Ciudad de cristal (y 3). Literatura

Queda como de Pero Grullo afirmar que Ciudad de cristal es ante todo literatura... si no fuera porque, además de la versión original, plenamente literaria, de esta novela de Paul Auster existe la traducción visual de Paul Karasik y David Mazzucchelli, plenamente literaria también. Y es el caso que intentar establecer en qué sentido es literaria la versión en cómic de Ciudad de cristal, novela gráfica, es una forma de abordar cómo el lenguaje de la historieta, el cómic, configura una de las ramas de la literatura.  



Respecto al carácter literario de la novela Ciudad de cristal, cabe decir que es tan constitutivo que al cabo resulta metaliterario. Es literatura que se alimenta de la literatura. (Más cerca de los Novísimos seguramente que de la Poesía de la Experiencia.) El juego que propone Auster remite en su novela a Don Quijote, Cide Hamete Benengeli, Cervantes, Sancho Panza y hasta el Barbero y el Cura. El trasunto austeriano de esa relación incluye personajes como Daniel Quinn, William Wilson, Paul Auster, Max Work y Peter Stillman. Personajes de personajes. El marco cervantino de las novelas de caballería pasa a ser en Ciudad de cristal el de las novelas de la serie negra. A propósito de estas novelas policíacas, dice el narrador en las primeras páginas del relato, refiriéndose a la precisión y significatividad esencial que predomina en ellas: 
"El centro del libro se desplaza, está en todas partes ... y no se puede trazar ninguna circunferencia hasta que se acaba."
Frase esta que recuerda de nuevo a Borges y, en esta ocasión, a su ensayo "La esfera de Pascal" (en Otras inquisiciones). La sentencia, por cierto, procede a su vez de El libro de los veinticuatro filósofos, un compendio anónimo datado en el siglo XII de nuestra era.

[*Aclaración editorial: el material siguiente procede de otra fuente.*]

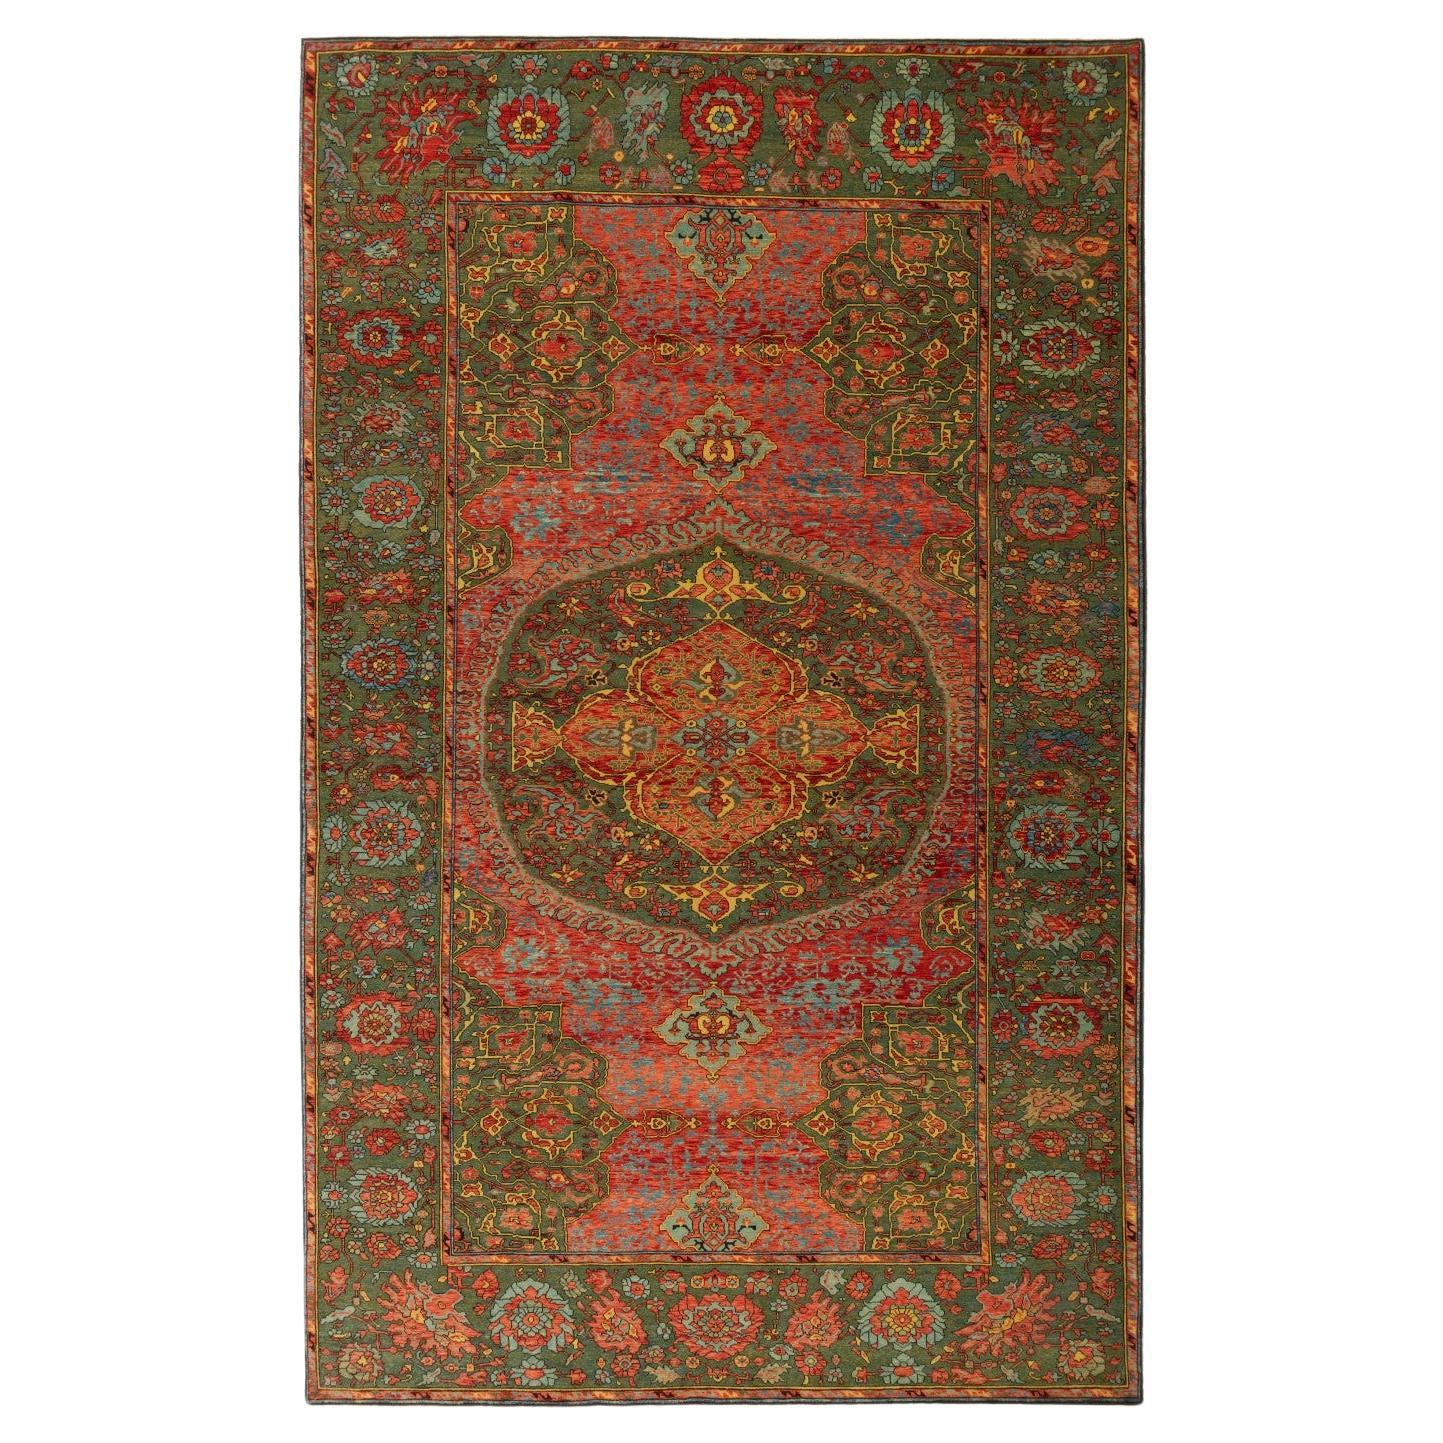 Ararat Rugs Medallion Ushak Carpet Museum Piece 17th C. Revival Rug Natural Dyed

La impronta literaria de Ciudad de cristal no se agota con estas apropiaciones metaculturales (culturalistas) por parte de Auster, que son elementos arquitectónicos de su novela. Hay más. En la consideración de una obra en sí, la literatura, más que cierta actividad, es su resultado. Nos llevaría lejos detallar los valores literarios de la obra Ciudad de cristal.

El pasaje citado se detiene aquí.